My favorite part of these costumes is my feet - I wore striped tights, then found a pair of wedge heels and sewed on fabric from another thrifted turtle-neck and upholstery foam to make me look taller, my legs look longer, and give me the bird toes the road runner uses to zoom into the sunset. I even painted stripes on them so you can't quite tell where the tights end and the feet pieces begin (hint, the joint is half-way up my knees)

I had a blast competing in the costume contest - judging took place by inviting all participants to walk around the perimeter of the casino floor.  I caught on pretty quick that the people judging the costumes didn’t want to just see the costumes, they wanted to see you BE the costume.  

I learned this from watching a man in the line ahead of us wearing only a crude diaper, sucking on a pacifier and dragging a blanket. (you may have noticed I did not mention he was wearing a shirt.  He placed in the top 20 just by acting like… well acting like a baby.  So I followed suit!

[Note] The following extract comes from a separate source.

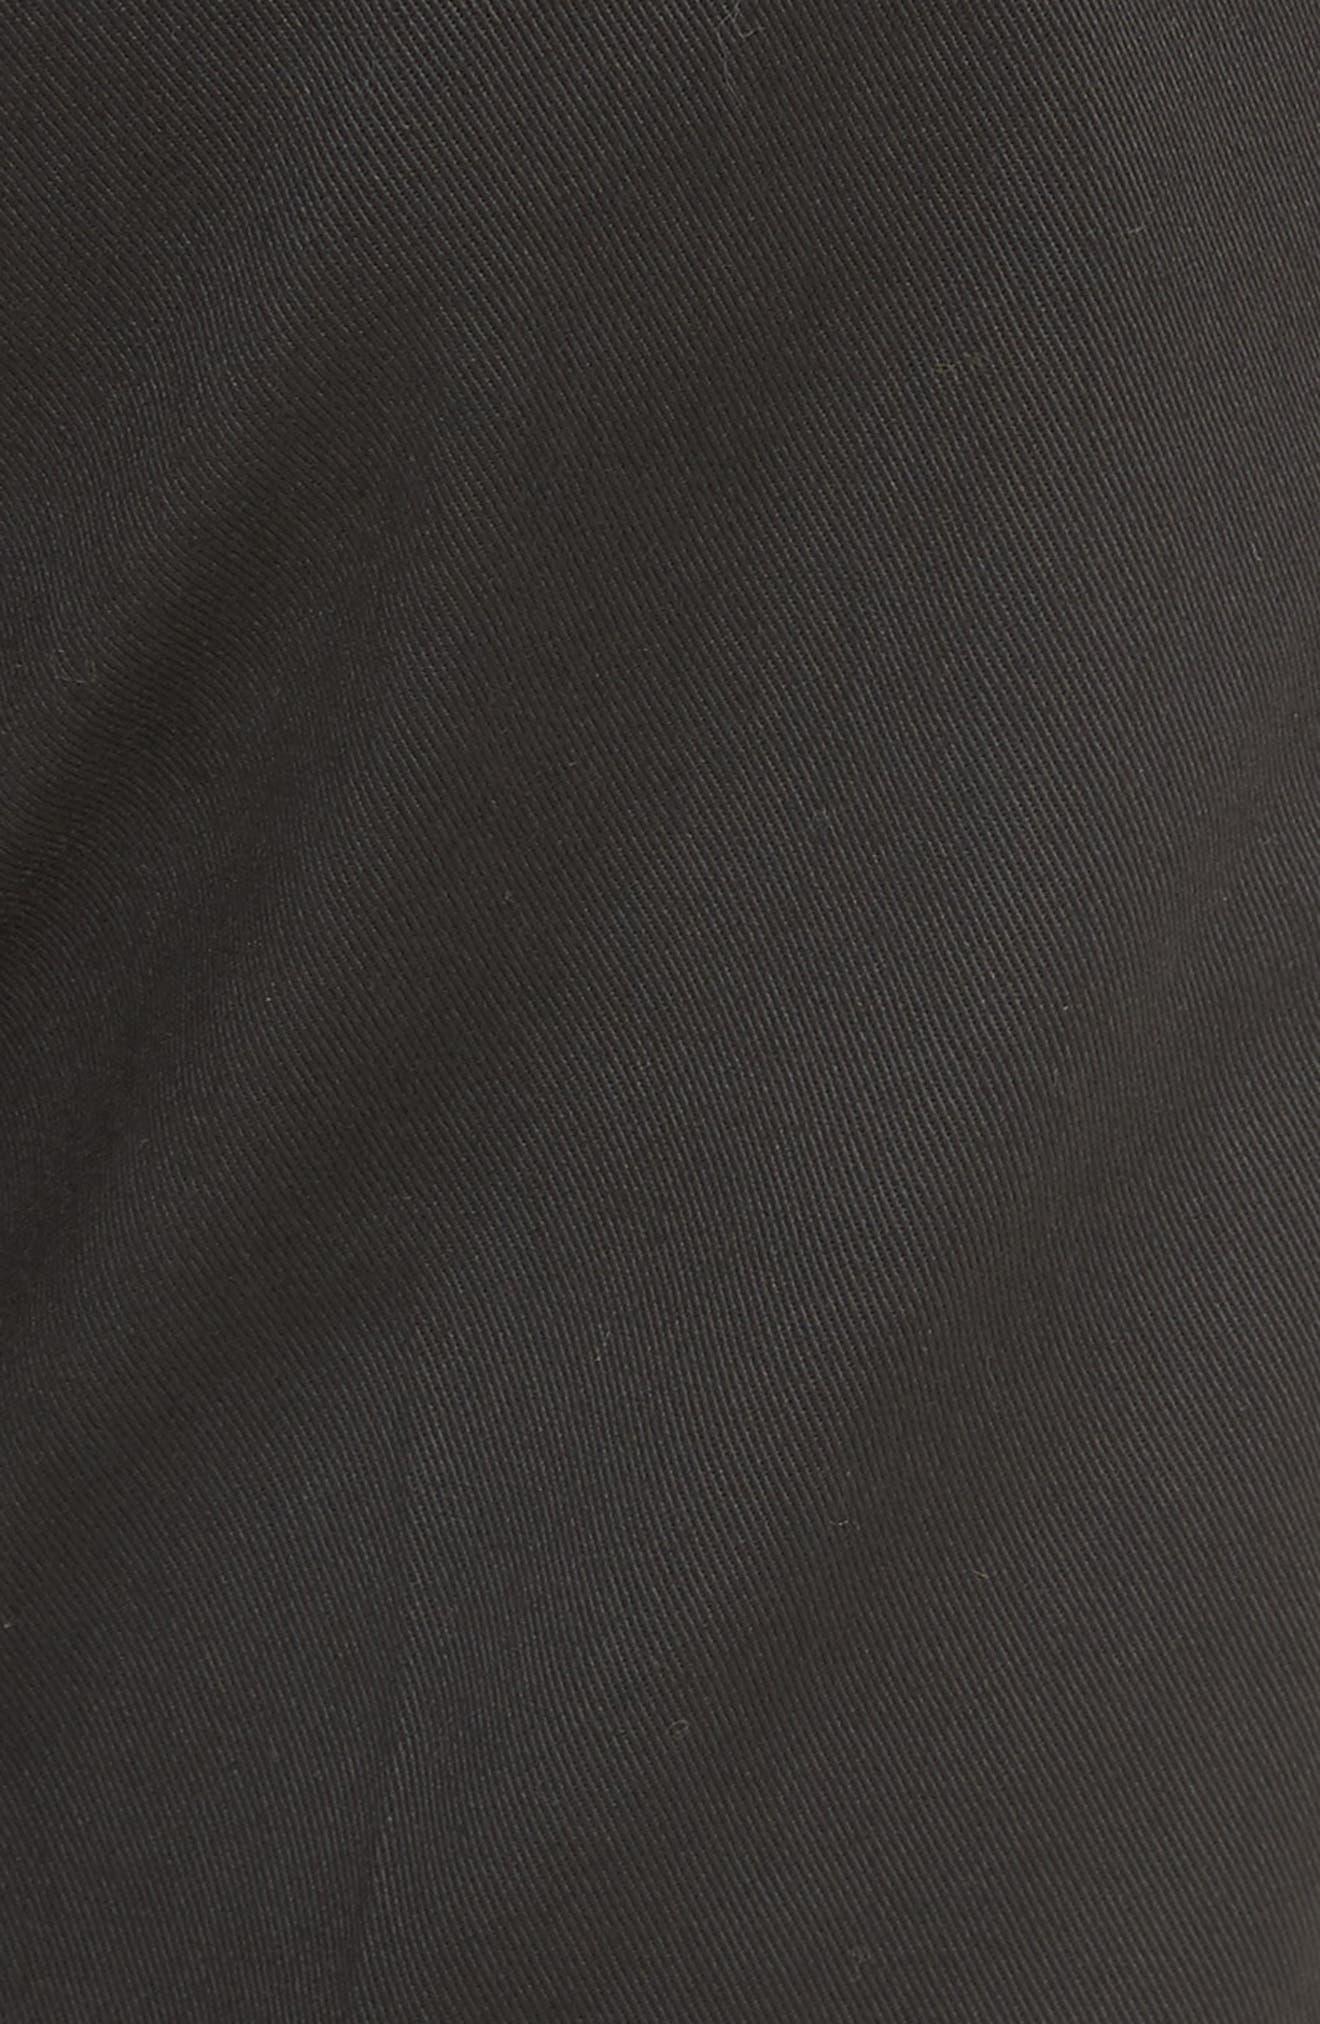 Dan Skinny Fit Cropped Trousers,                             Alternate thumbnail 5, color,                             Black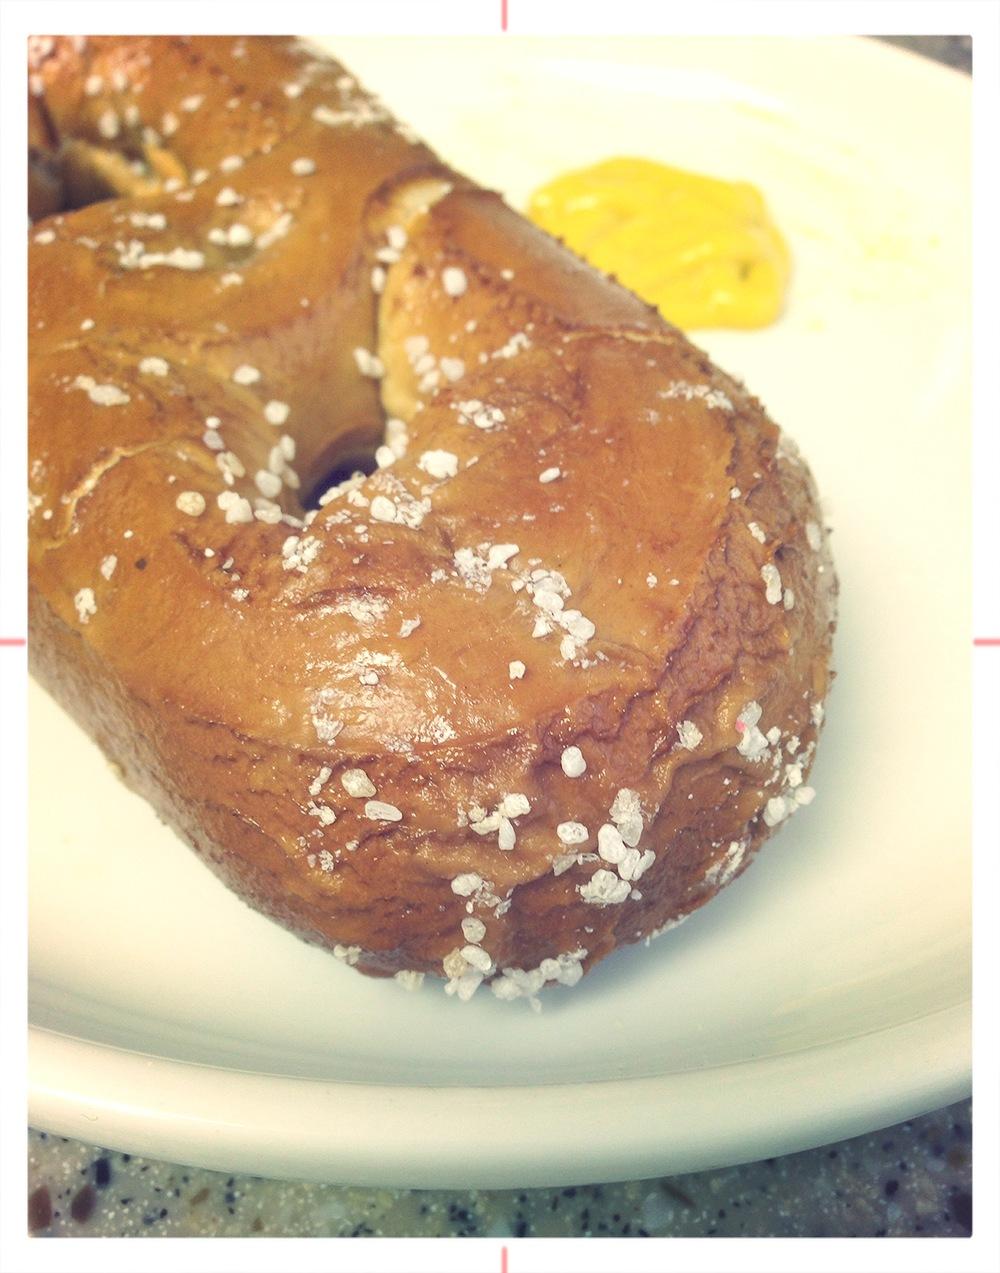 Philly pretzel

No, not by acting like a baby, but by insisting that the Mister follow behind me slowly, while I quickly zig-zagged back and forth on my spot in the line, stopping with sharp movements to consider the people around (and for so many of them to take pictures!).  I MEEP’d at people who Meep’d at me.   And I tried (mostly failed) to keep a straight face when people realized Wylie was behind me and either warned me to "look out!” or asked him what’d he’d do when he caught me.  It was great.

So all in all, we didn’t place in the contest, but that’s okay, because the people that did, totally brought their A-game, and I feel like the effort we put in was still super appreciated.  

Other worthy competitors.


Oh yeah, and THEN we got to watch THE VILLAGE PEOPLE.  Who were fantastic!  I was amazed at how many songs I knew from their set list, and also at the fact that all the members look so... good yet.  That said, I don't know that the Native American member necessarily needed to wear the ass-less chaps and do all those spins up on stage.  Woah.


How was your halloween?  
Did you dress up?  
TELL ME IN THE COMMENTS!

I would be remiss here if I didn't take a second to shout out to a brilliantly wonderful Mister - I'm fairly certain that having his wife stuff him in a onesie and parade him around all night wasn't as much fun for him as it was for me. But he played along beautifully.